- _SOURCE DATA_
※ ※ ※

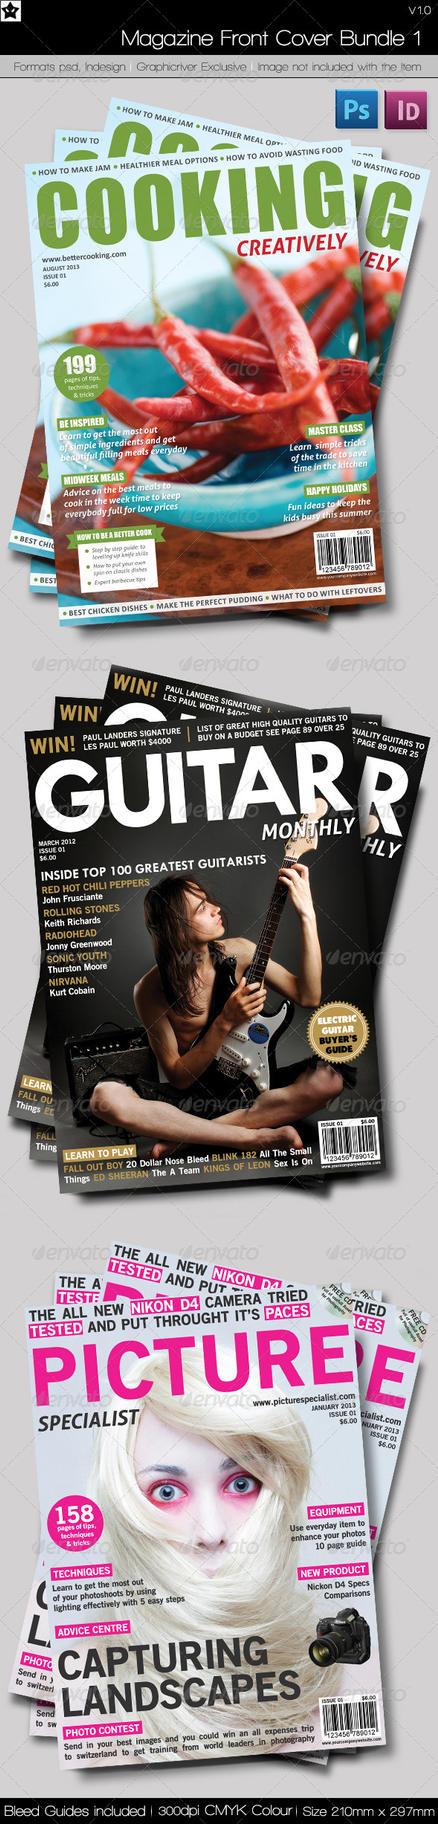 Magazine Front Cover Bundle 1 by HollowIchigoBanki
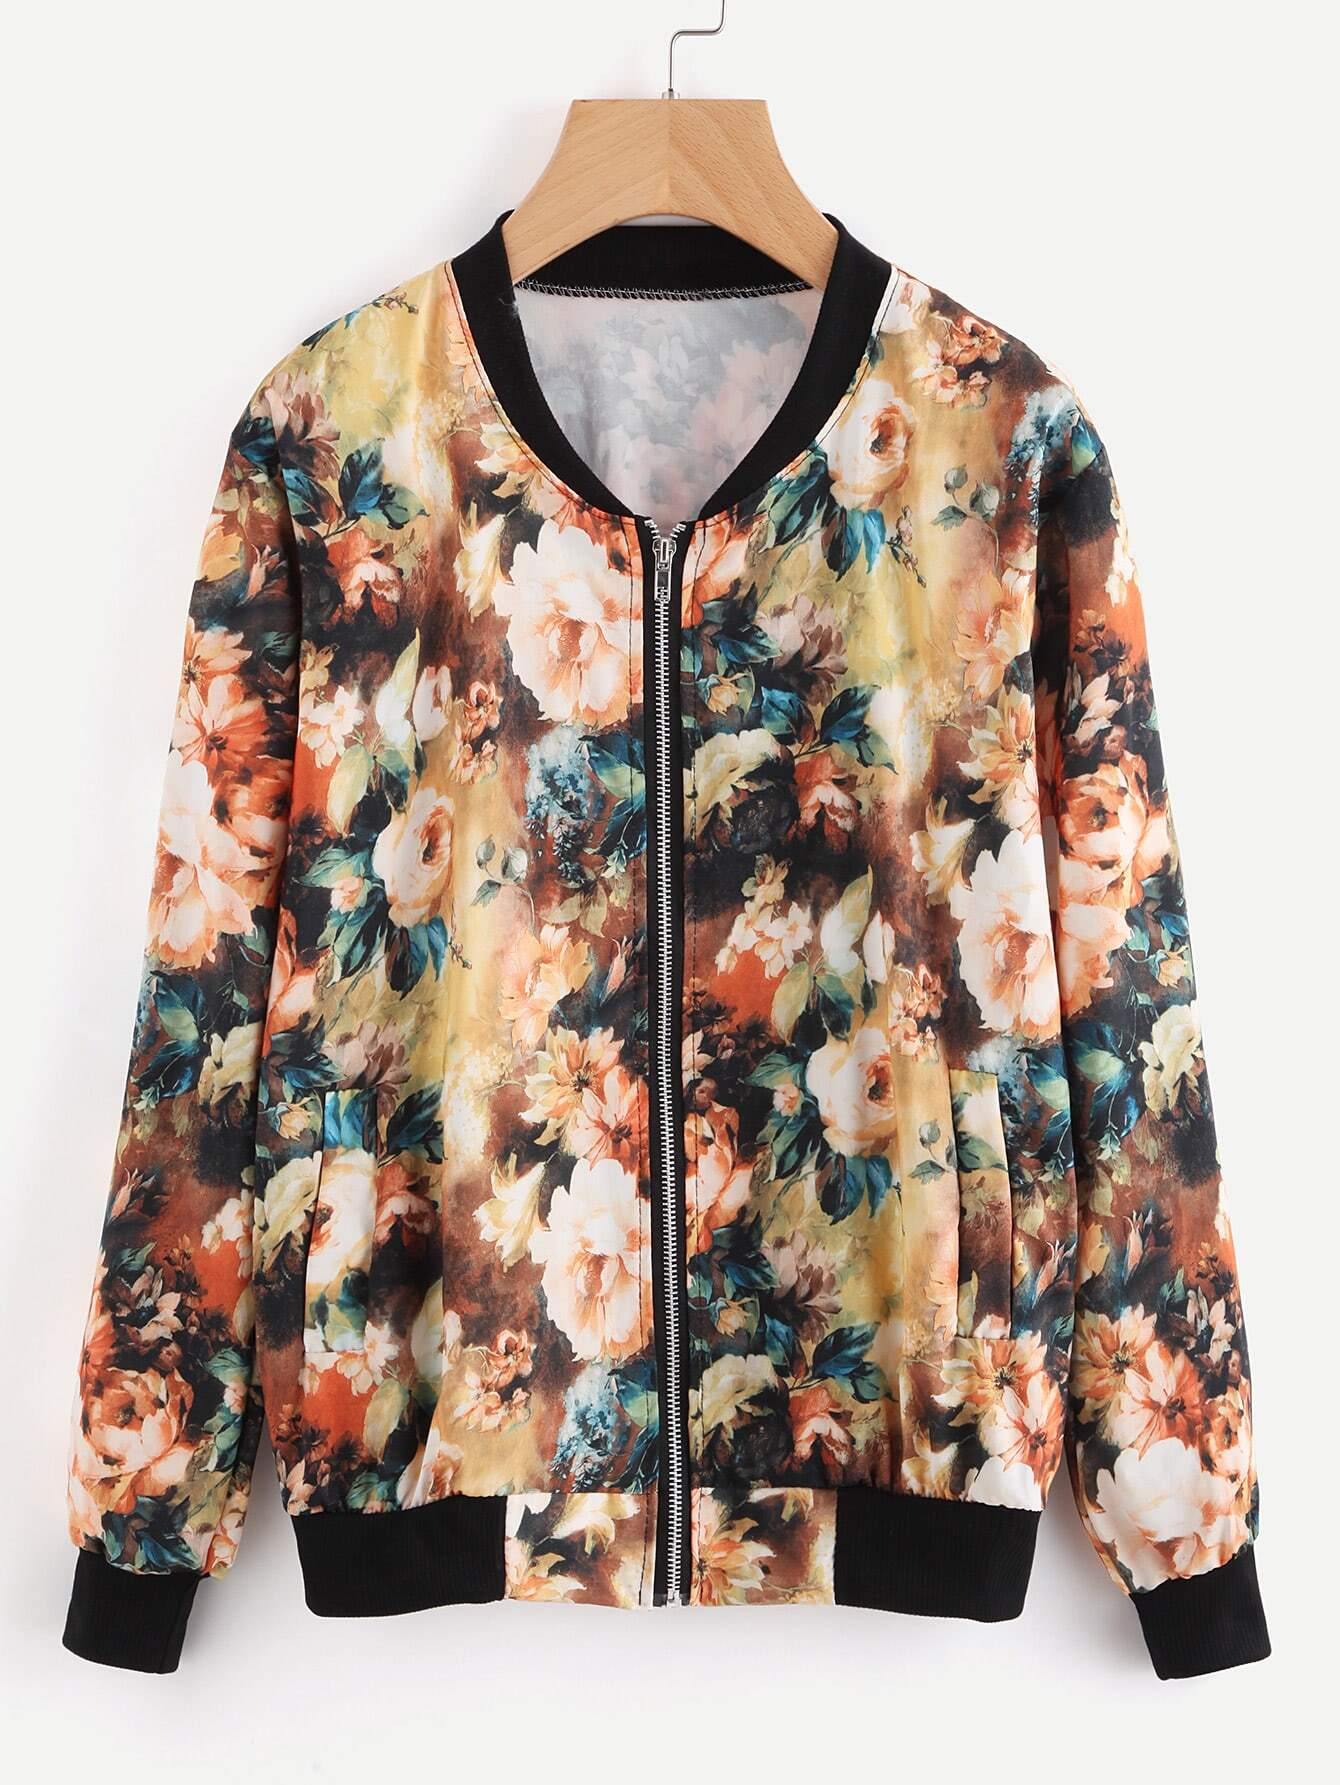 Contrast Ribbed Trim Allover Florals Jacket contrast ribbed trim jacket
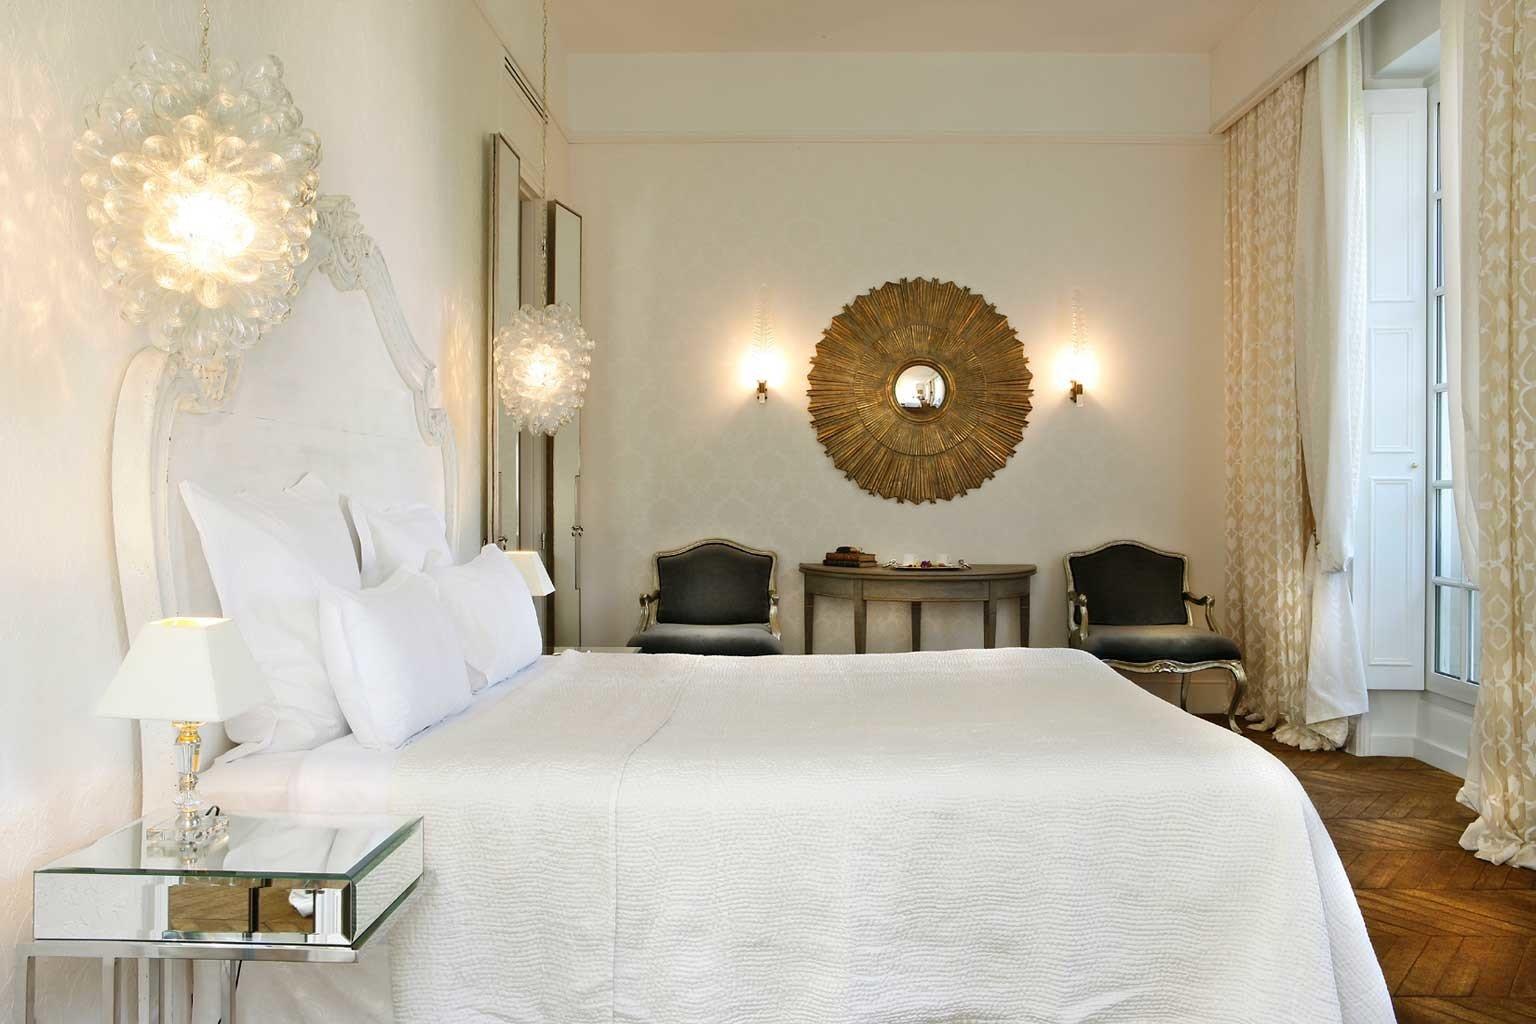 Bedroom City Elegant Historic Romantic property Suite white cottage living room
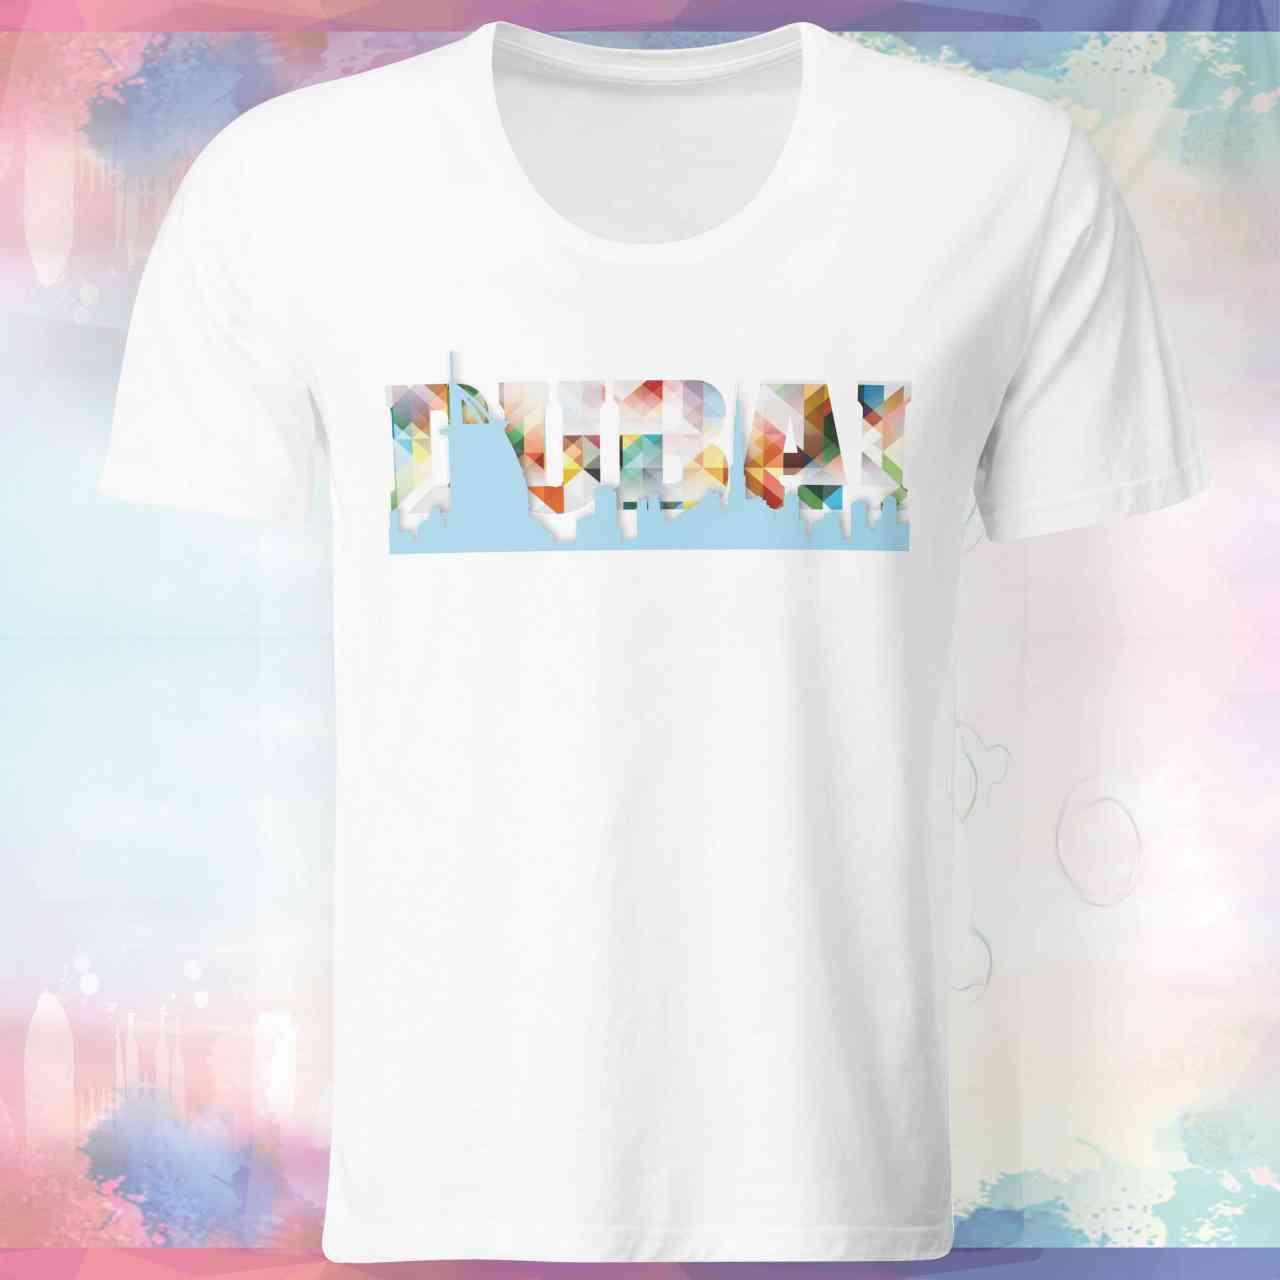 Dubai Skyline Shirt | Dubai Skyline T-Shirt | Dubau Skyline Tshirt

※ ※ ※

- _TASK DESCRIPTION_
Would you return the data above exactly as written, minus the images?

- _SOLUTION FOR THIS TASK_
 Magazine Front Cover Bundle 1 by HollowIchigoBanki
 Contrast Ribbed Trim Allover Florals Jacket contrast ribbed trim jacket
 Bedroom City Elegant Historic Romantic property Suite white cottage living room
 Dubai Skyline Shirt | Dubai Skyline T-Shirt | Dubau Skyline Tshirt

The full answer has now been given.